On Wednesday, Apple became the first $2 trillion U.S. company. 

The iPhone maker’s share price hit $466.77 around 11am ET, sending it over the mark. It’s the most valuable publicly traded company in the world, beating out Saudi Aramco, Microsoft, and Amazon. Apple stock is up about 60% year-to-date. The milestone comes a little more than two years after Apple became the first $1 trillion company in August 2018.

While the mark is largely symbolic, it does underscore Apple CEO’s Tim Cook’s success at changing the company’s story.
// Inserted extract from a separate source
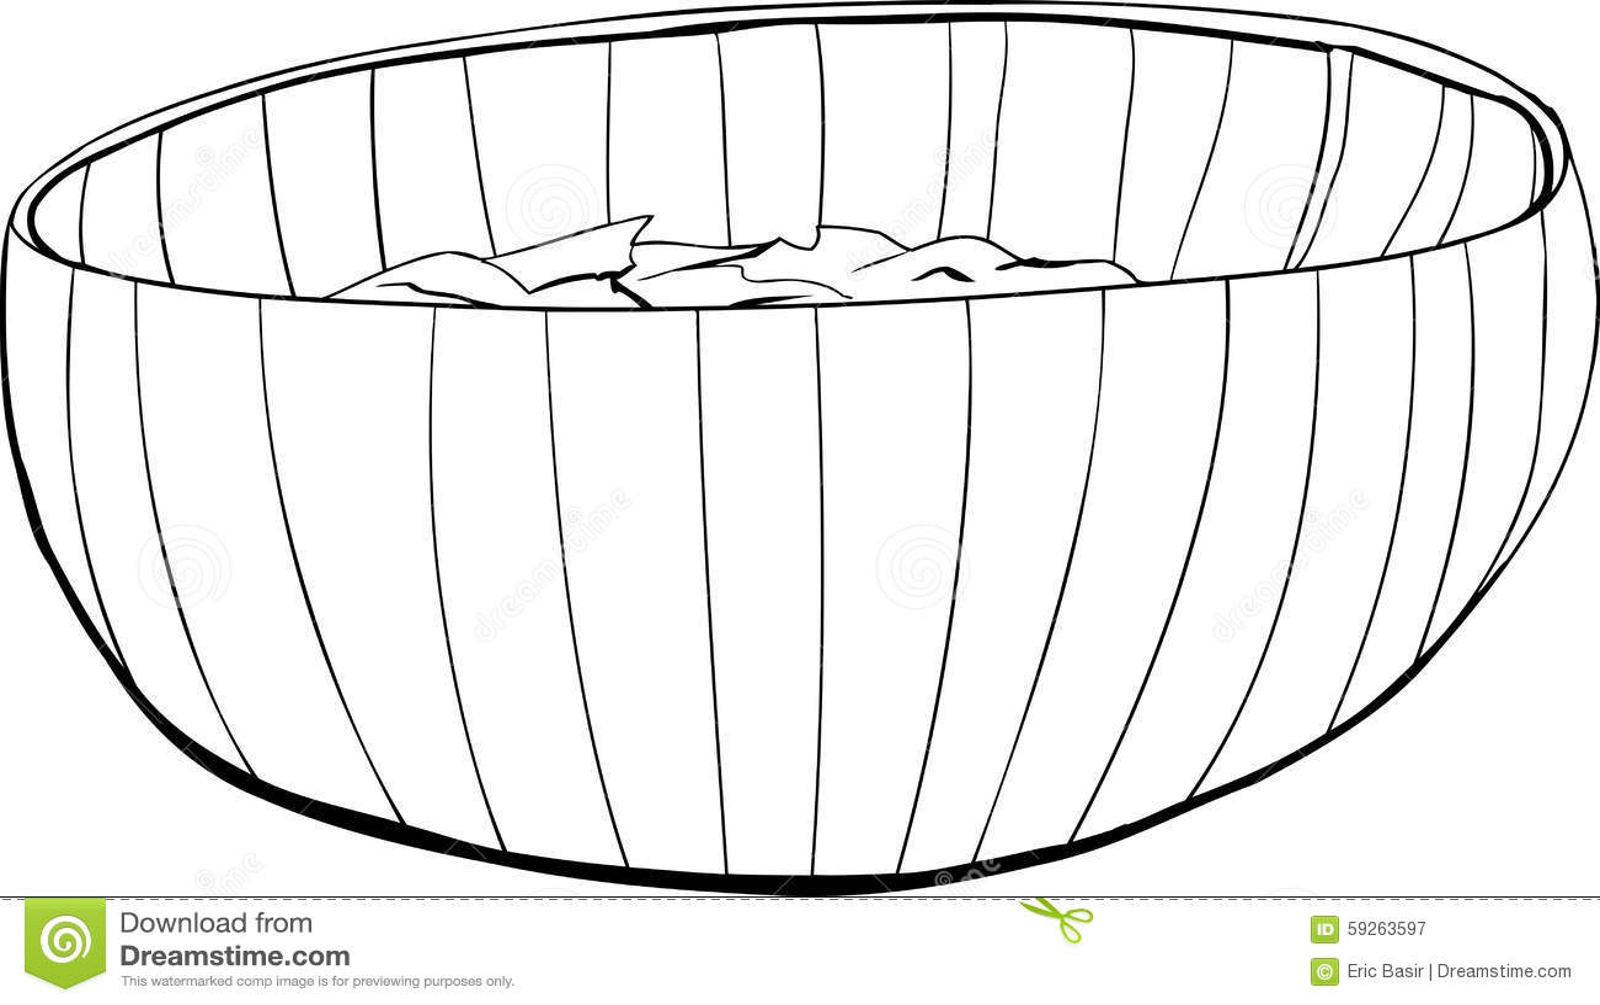 Bambusschussel Mit Salat Entwurf Stock Abbildung Illustration Von

Investors have started seeing Apple’s business less like other hardware makers and more like a software company, as indicated by Apple’s quickly rising price-to-earnings ratio, which is now over 33.

“Over the past four months, the market has really been valuing Apple as a software company,” said Logan Purk, analyst at Edward James, who has a hold rating on the stock. “The services business is growing nicely — it seems to give them a multiple over 30, and gives them all the credit in the world for this subscription business.” 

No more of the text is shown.